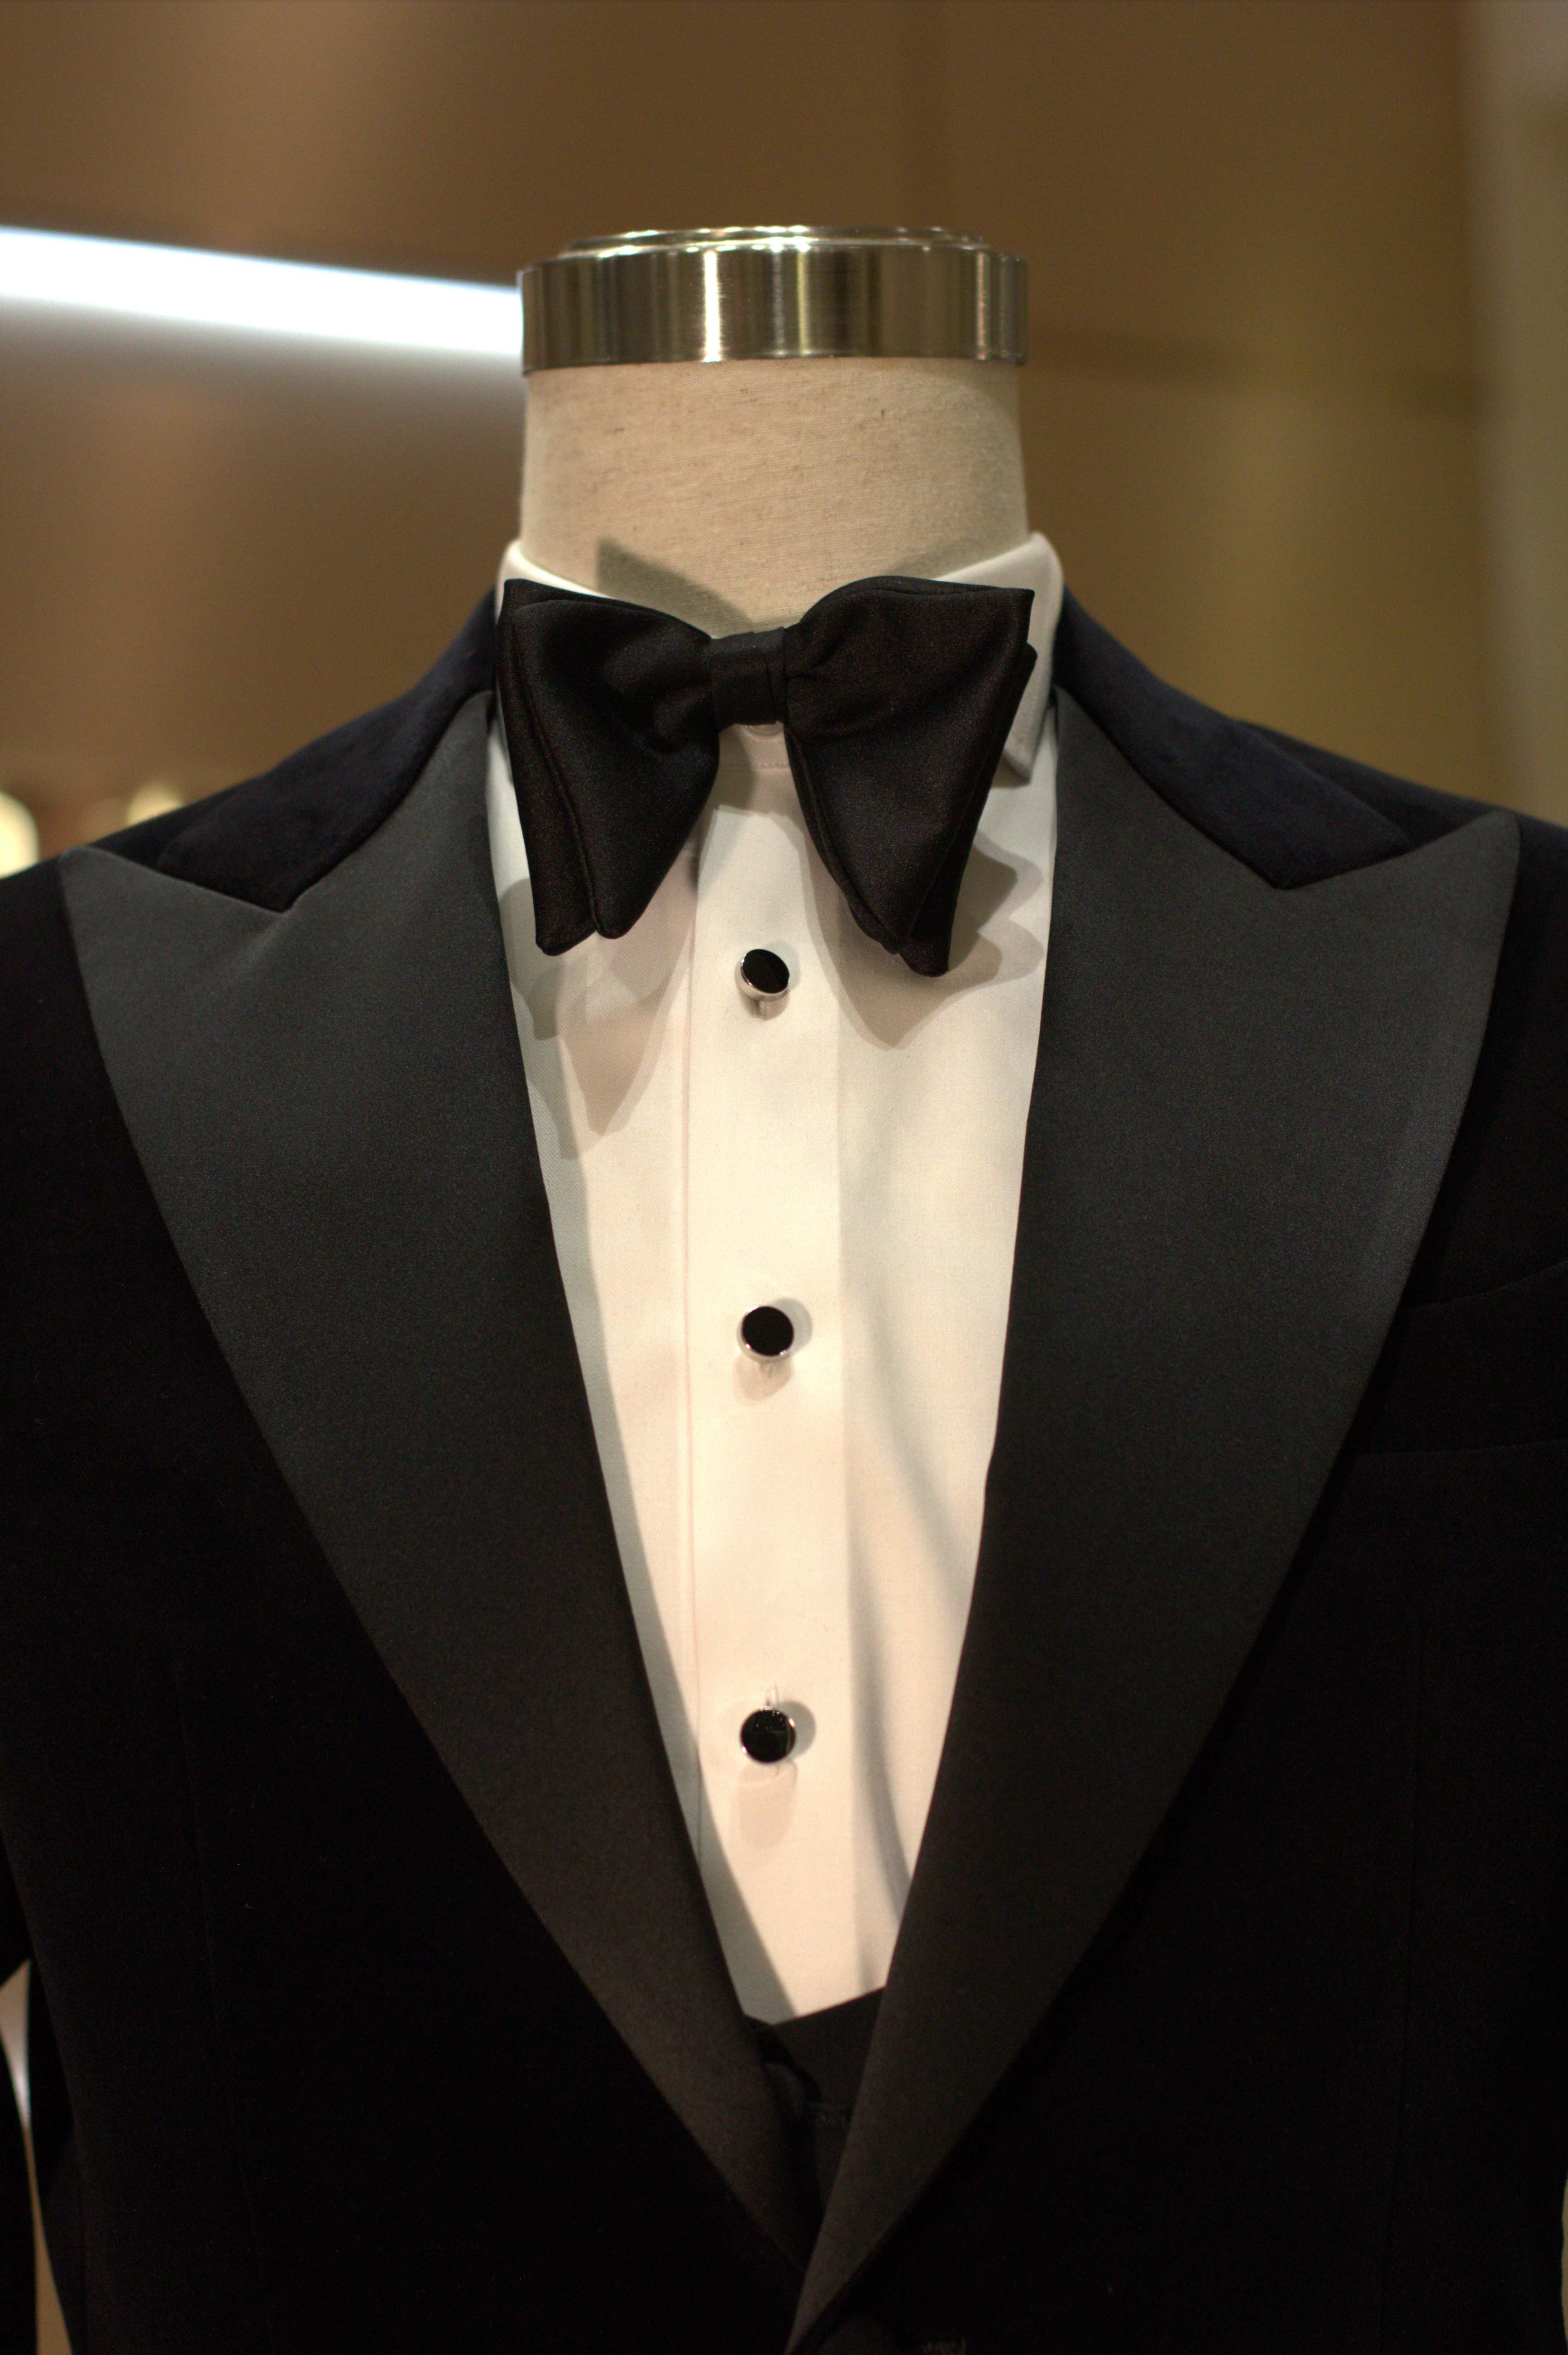 Thiết kế này được làm từ chất liệu nhung đen của thương hiệu dệt may nổi tiếng Loro Piana. Chi tiết ve nhọn đặc trưng kèm áo gile giúp người diện thể hiện thần thái quý ông (Ảnh: Nhân vật cung cấp).
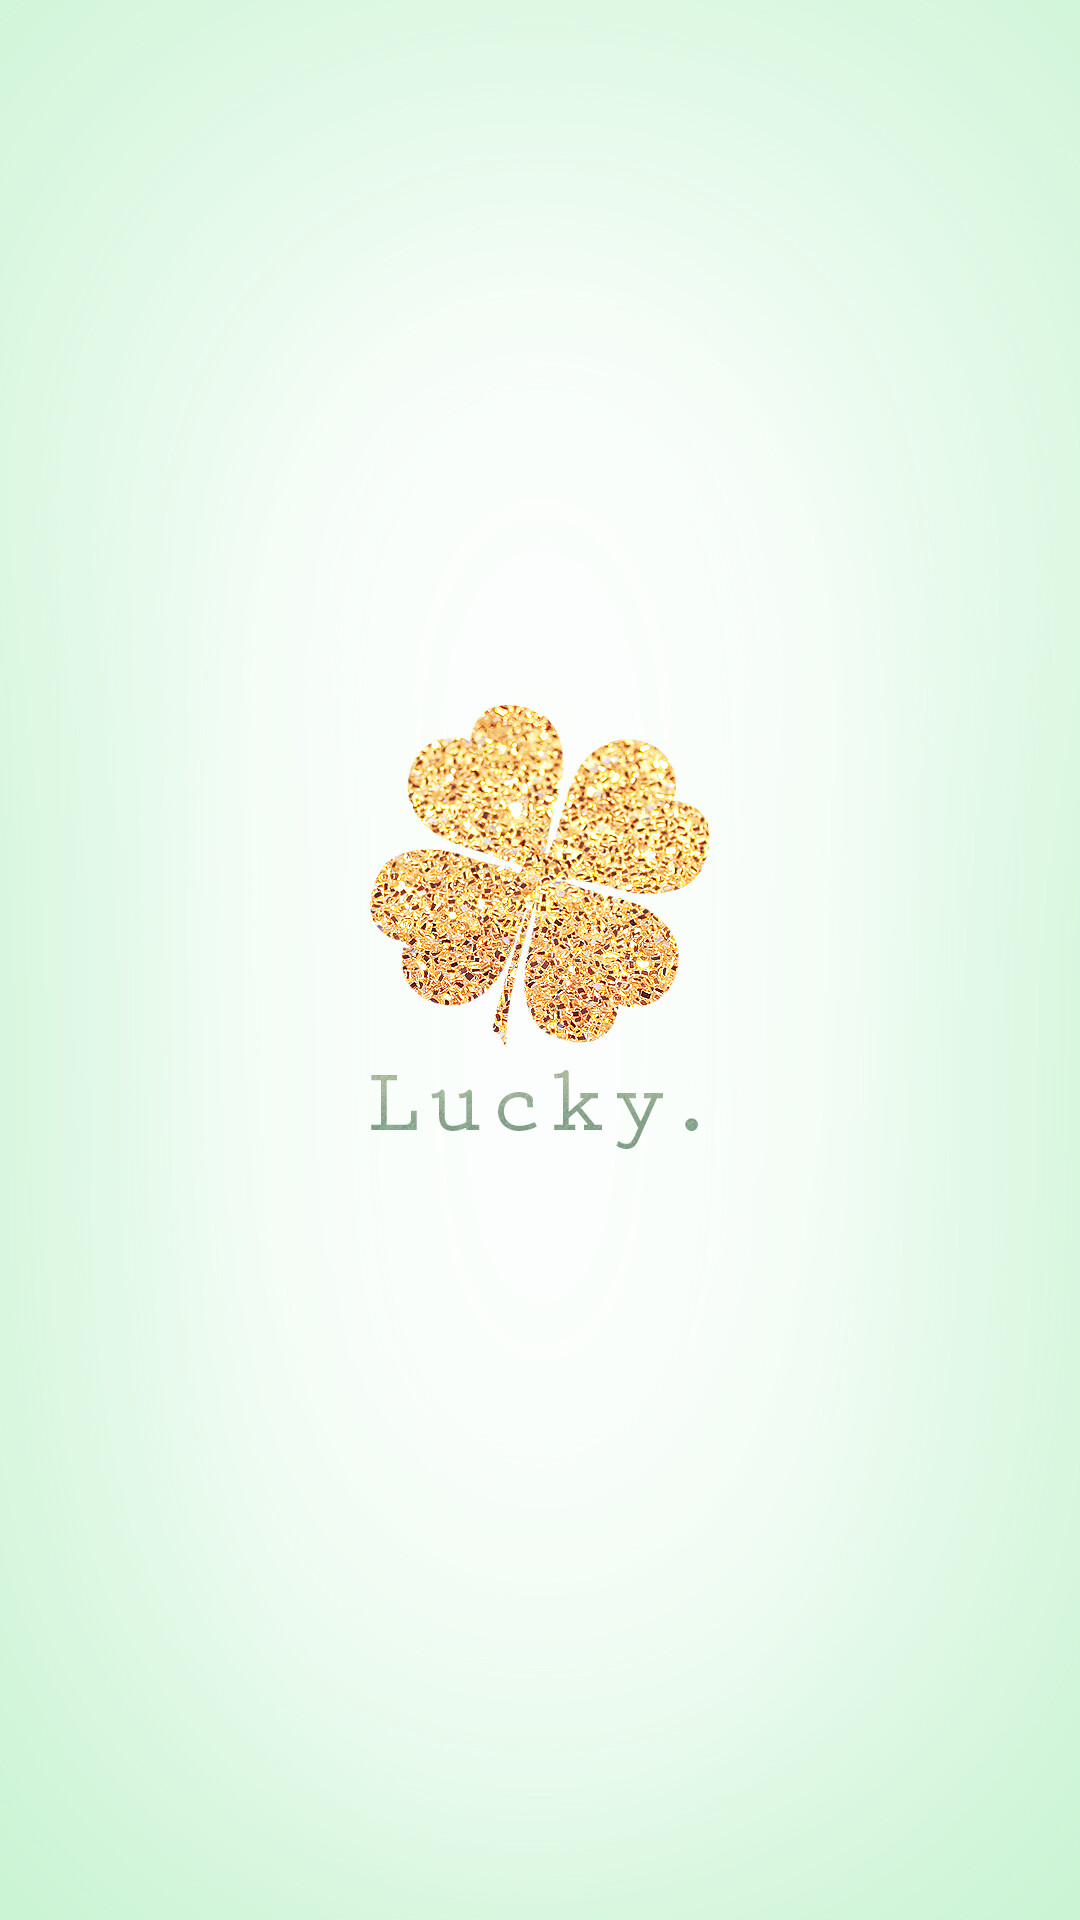 Gold Leaf: Golden shimmer four-leaf clover, The plant bringing good luck. 1080x1920 Full HD Background.
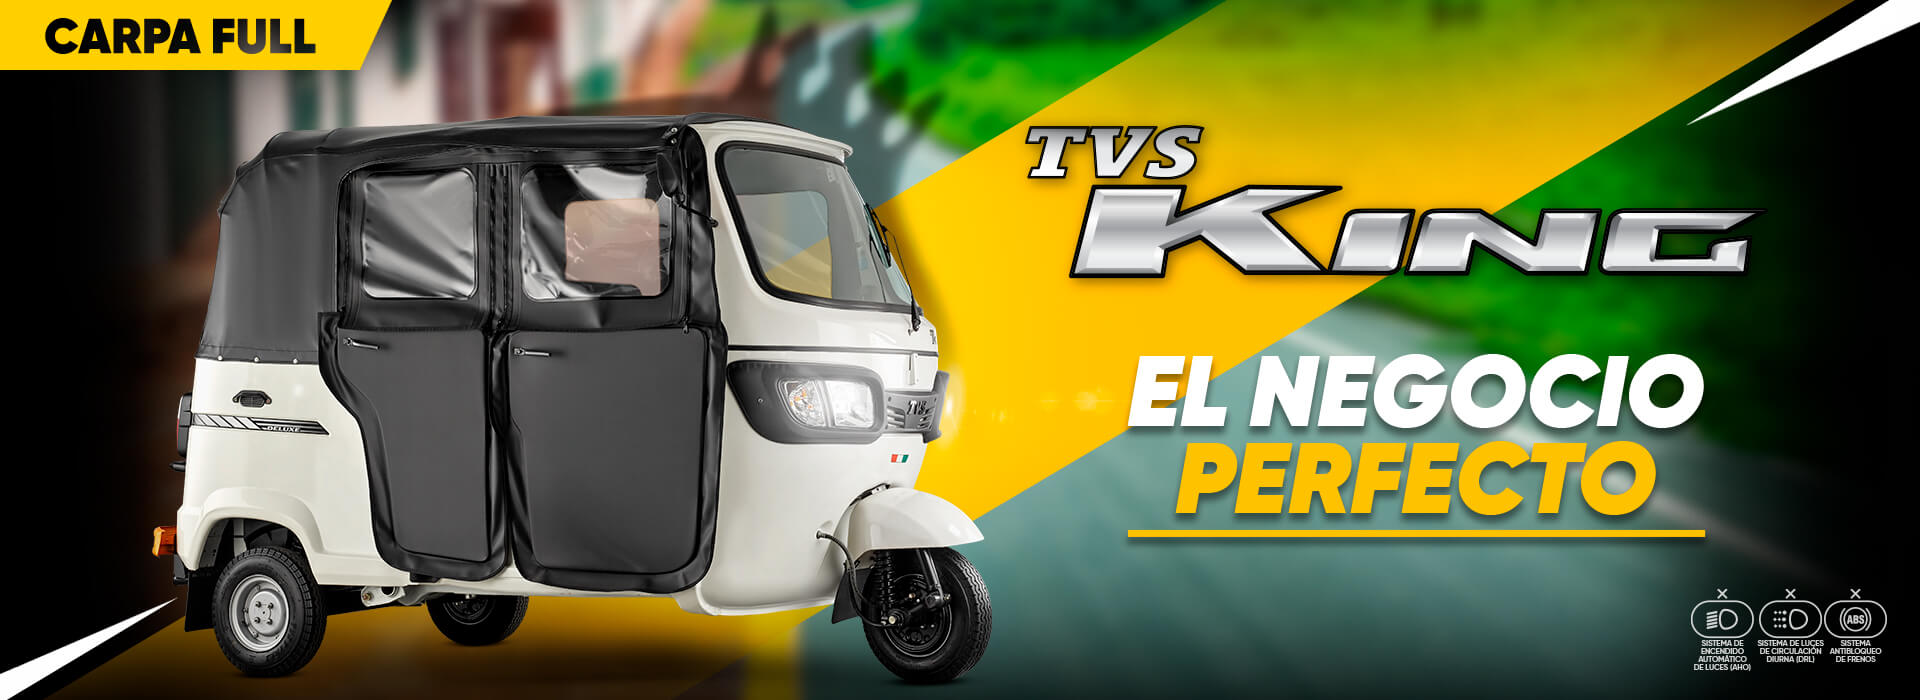 Motos TVS - King GS Full - Auteco

· · ·

Take the lines from the one holding "Gold Leaf: Golden" through the last line of the data above and copy them exactly, both ends included, omitting all pictures.

 Gold Leaf: Golden shimmer four-leaf clover, The plant bringing good luck. 1080x1920 Full HD Background.
 Motos TVS - King GS Full - Auteco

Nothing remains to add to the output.